By Mark Gross, President, DCL

Many users have years or even decades of legacy materials they would like to bring into the 21st century. This could be thousands and thousands of pages of hard copy, PDF, SGML, or even XML that they need to be up to date in order to add it to their current cache of materials. It would be nice if there was a totally “lights-out” solution that would produce high quality results. Sorry to say that after working on hundreds of key projects over the years at DCL, I have learned that for the most part there is no silver bullet. That’s the “bad” news.

Here’s the “good” news: There are ways to help mitigate problems in a conversion project. The more you do and know upfront before your project begins, and the better you manage it during the process, the better your results will be. Hopefully this article will act as a knowledge share on the common pitfalls and solutions we’ve uncovered during DCL’s 35 years in business. I’d like to offer you an overview of our process and some of the tools we’ve developed to help in a semi-automated conversion process. Let’s first break down some common hurdles.

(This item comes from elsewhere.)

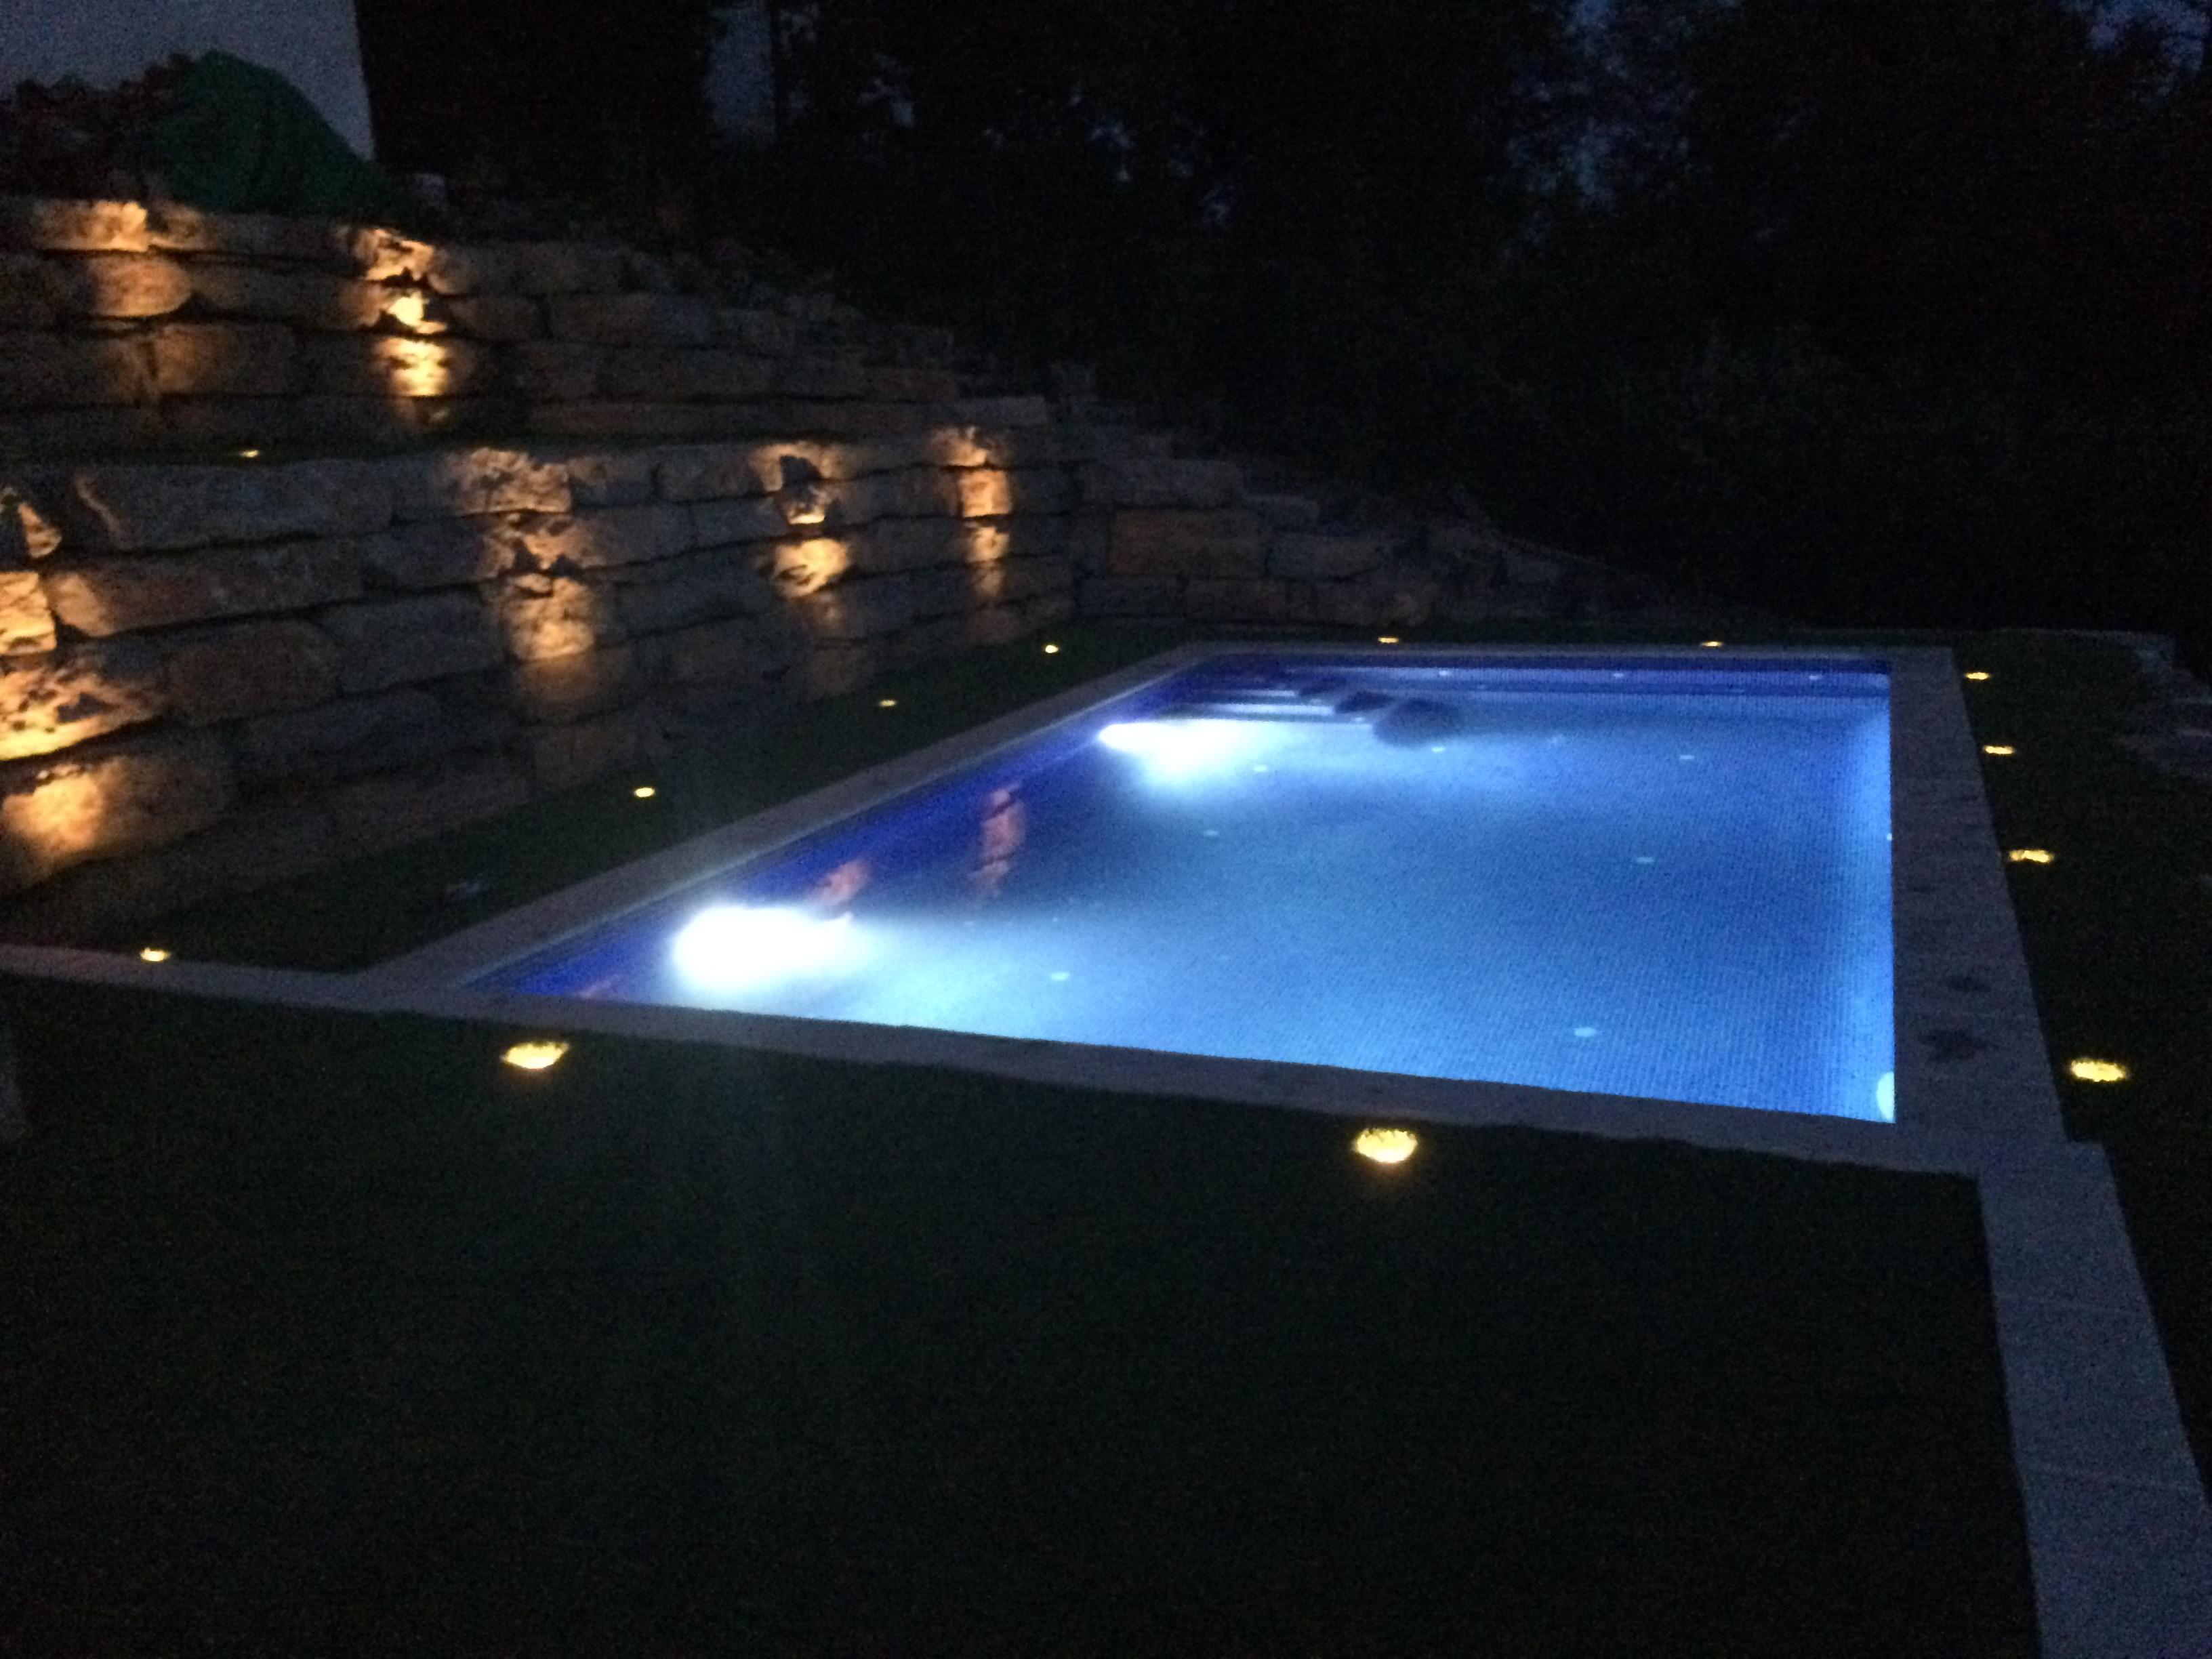 Construcci n piscina en riells i viabrea piscinas aop for Iluminacion led piscinas

Finding the inconsistencies in legacy content

Source material and legacy material spend years, decades, and in the case of paper, even centuries, stuck in their non-structured format. For each data source or each decade, different authors follow the beat of their own drum, and there are a variety of style guides. For example, callouts and/or citations can be superscript numbers, numbers in parentheses, or square brackets. The labels or figures in the table can be either fully spelled out or abbreviated. You can see how complexities can build up for projects like this.

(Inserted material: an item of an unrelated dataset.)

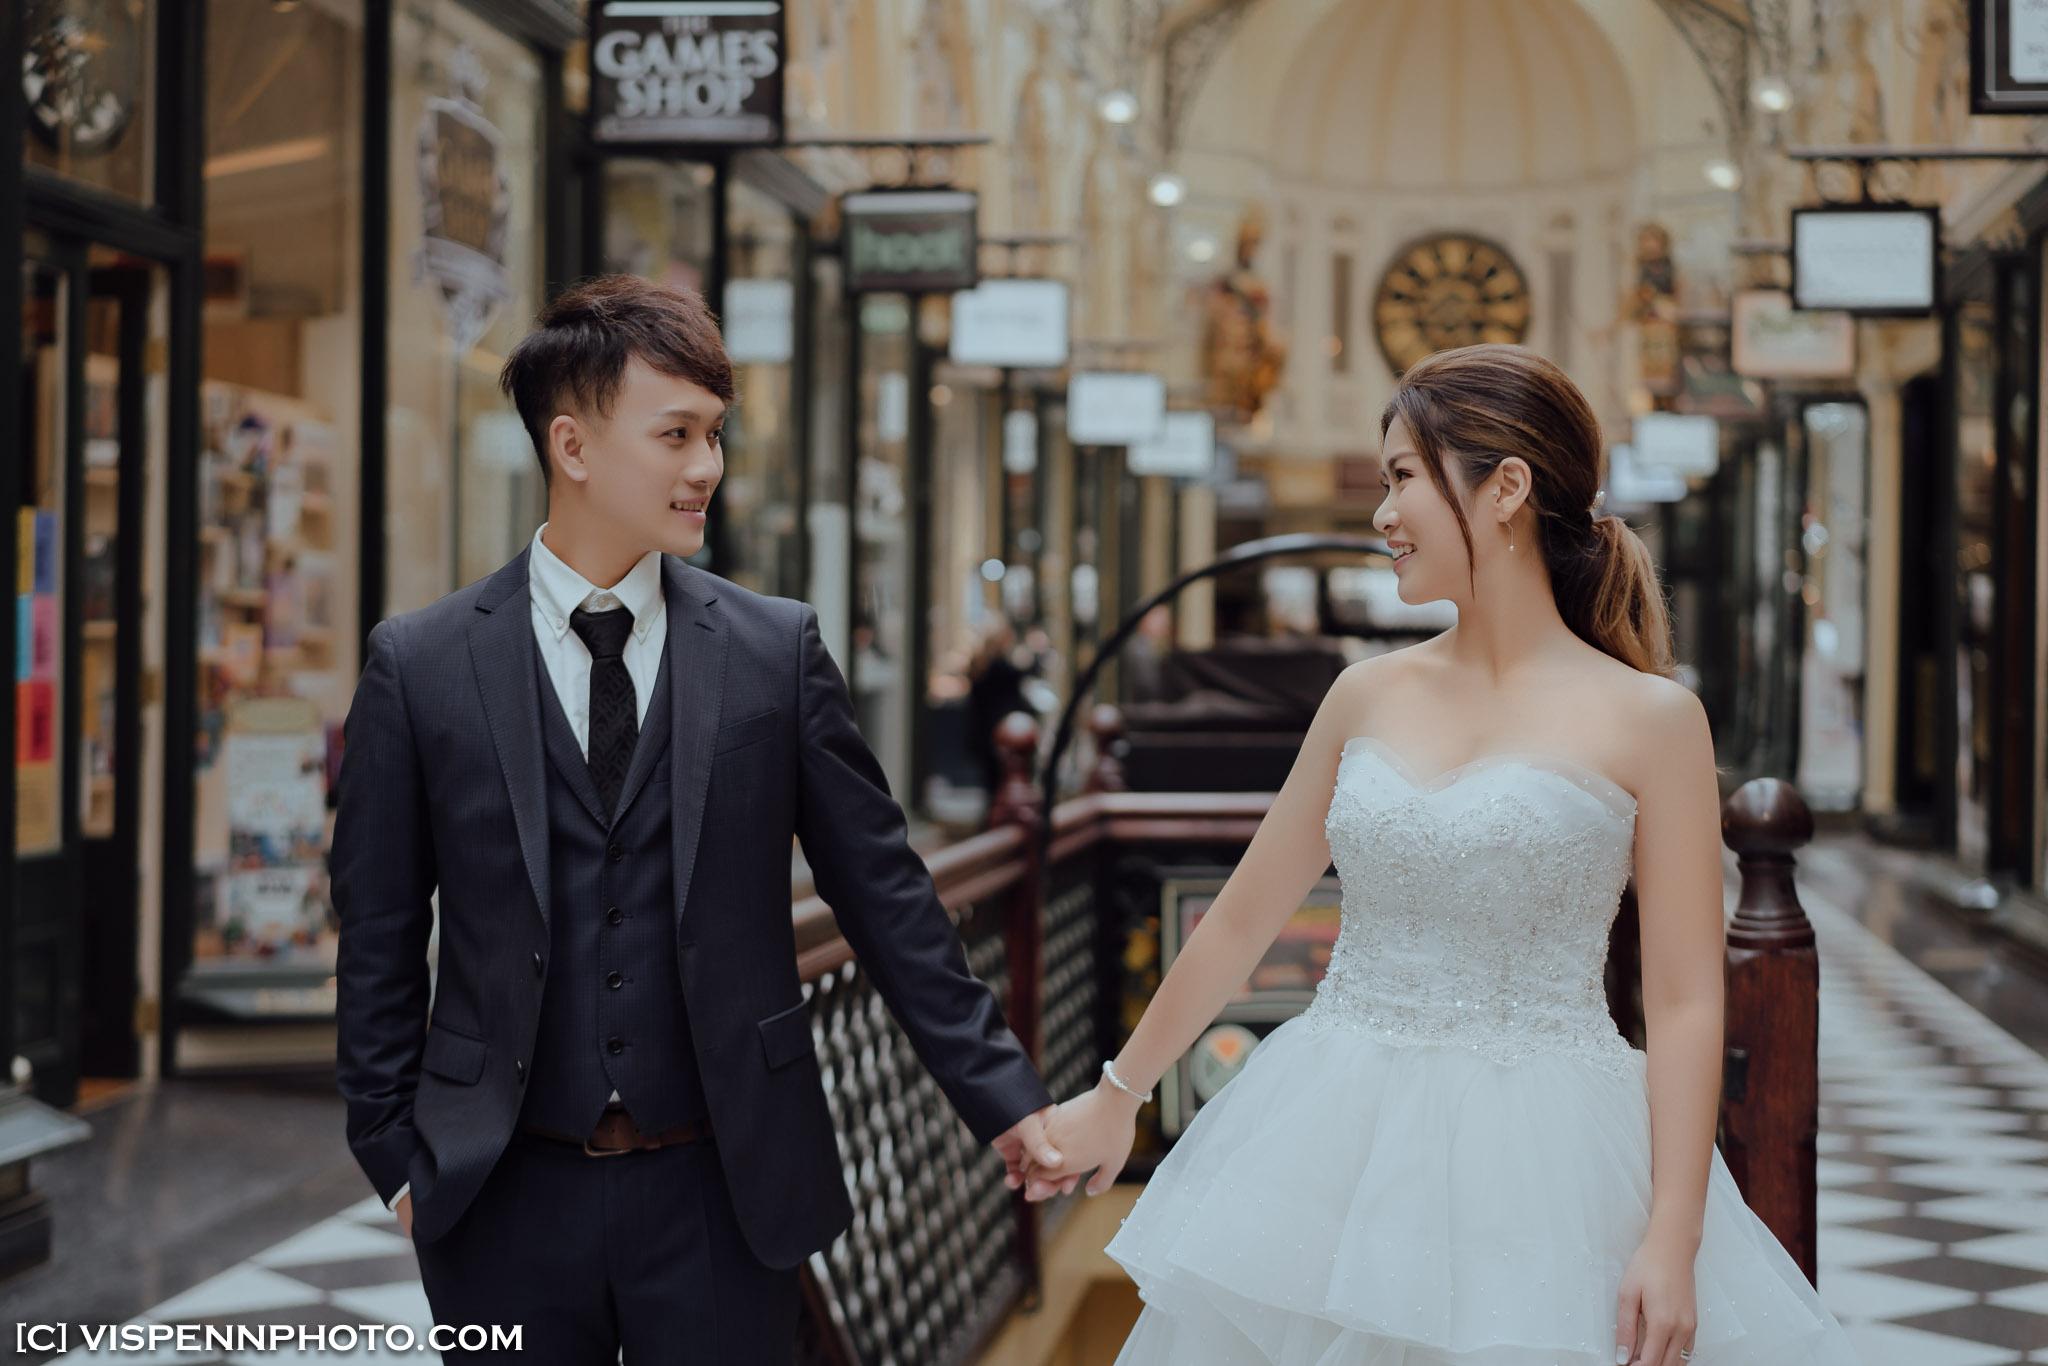 PRE WEDDING Photography Melbourne VISPENN 墨尔本 婚纱照 结婚照 婚纱摄影 GiGi 2046 A7R3 VISPENN

Tagging is tricky business

There are multiple ways to markup the same content and you’ll need to decide which way is best. Document Type Definitions, or DTDs, which define the structure of documents in a general way, also contain many tags that are optional, and also some of the tags can be used in multiple structures, with room for interpretation. Therefore, there is a need to make sure that tagging is done consistently, and in a way that properly interprets your materials. When converting, without specific rules, the XML will likely not be consistent and the resulting materials will not render consistently.

Visual versus content

Automated tools will often decide tagging based on the look of the page. But the goal of XML is to markup the content to retain its meaning, and that often means a need for human review.

Text extraction in PDFs.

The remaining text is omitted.